Tomasz Ganicz wrote:
And if there is no clear definition of what is "real" article and what is not,
Apparently it was the 500k article event that caused Ziko to bring the topic up this time. He's frustrated (and so am I) that 500K articles is reported as an achievement, when it is indeed doubtful what quality these articles have. Still, I think he exaggerates the problem.
Earlier this year, when the topic came up on meta, it was because of which languages were featured as the top 10 on www.wikipedia.org, http://meta.wikimedia.org/wiki/Top_Ten_Wikipedias
Since then, the Russian Wikipedia has gained the 10th position and Swedish ("the one with all the stubs") is down to 11th, so there is one problem less to care about. During that discussion, I proposed to use the size of the compressed database dump (pages-articles.xml.bz2) as the official metric, since it both counts the total database size (one long article counts the same as two short ones) and it completely removes the impact of bot generated articles. The compressed size of the Volapük Wikipedia is very small, becase the same patterns appear in many of its numerous articles.

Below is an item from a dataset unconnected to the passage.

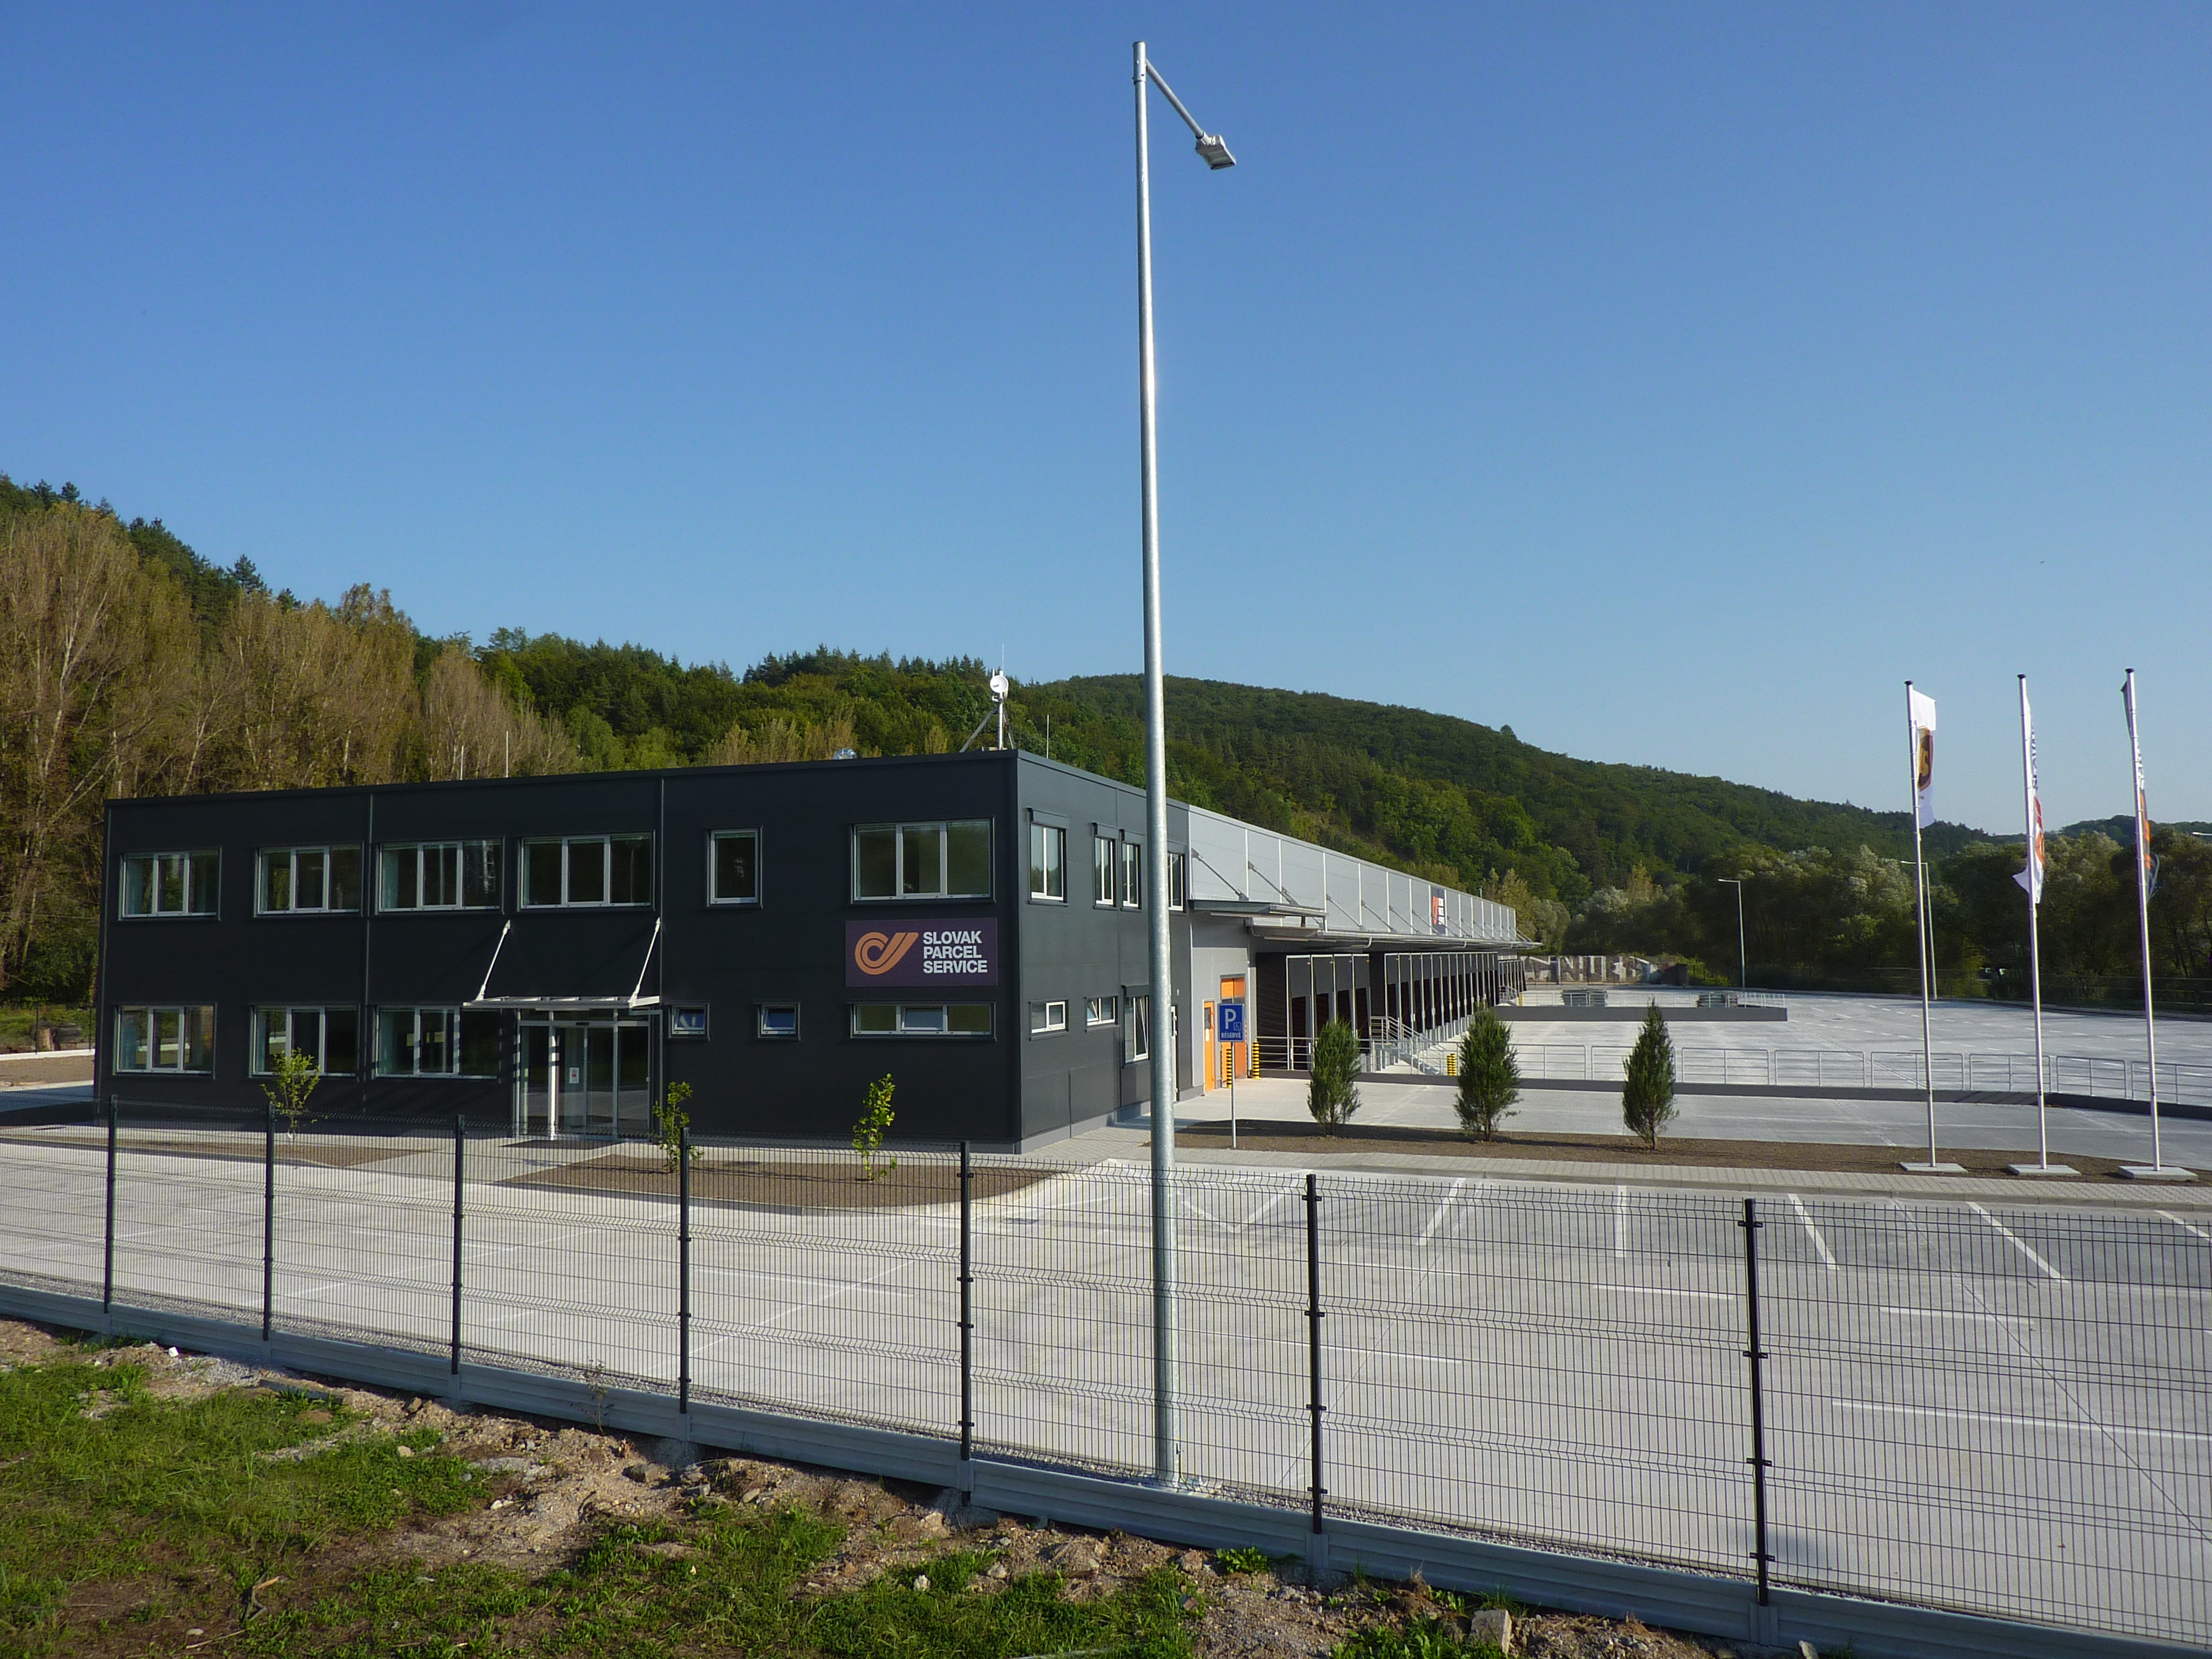 Distribučné centrum SPS Banská Bystrica / logistické areály, sklady - Bygningskonstruksjon

On the talk page, there is a table where this is shown, and you can sort by column by clicking the little boxes, http://meta.wikimedia.org/wiki/Talk:Top_Ten_Wikipedias#What_problem_do_we_wa...
I'd like to propose a quality metric: The difference in rank between the article count and the compressed database size.
The English Wikipedia is the biggest (rank 1), whether you count articles or compressed database size. So its quality is 0.
The Polish Wikipedia was the 4th by article count, but the 7th by compressed database size, for a quality of 4 - 7 = -3.
The Swedish Wikipedia was (when this table was compiled) the 10th biggest by article count, but the 12th biggest by compressed database size, so its quality is 10 - 12 = -2.
The Russian Wikipedia was the 11th by article count, but 9th by compressed database size, so its quality is +2. This doesn't mean the Russian Wikipedia is better than the English one, only that it is better than (two of) its peers of similar size.
The Volapük Wikipedia was the 15th by article count, but the worse than the 30th by compressed database size (the table is incomplete), so its quality is worse than -15.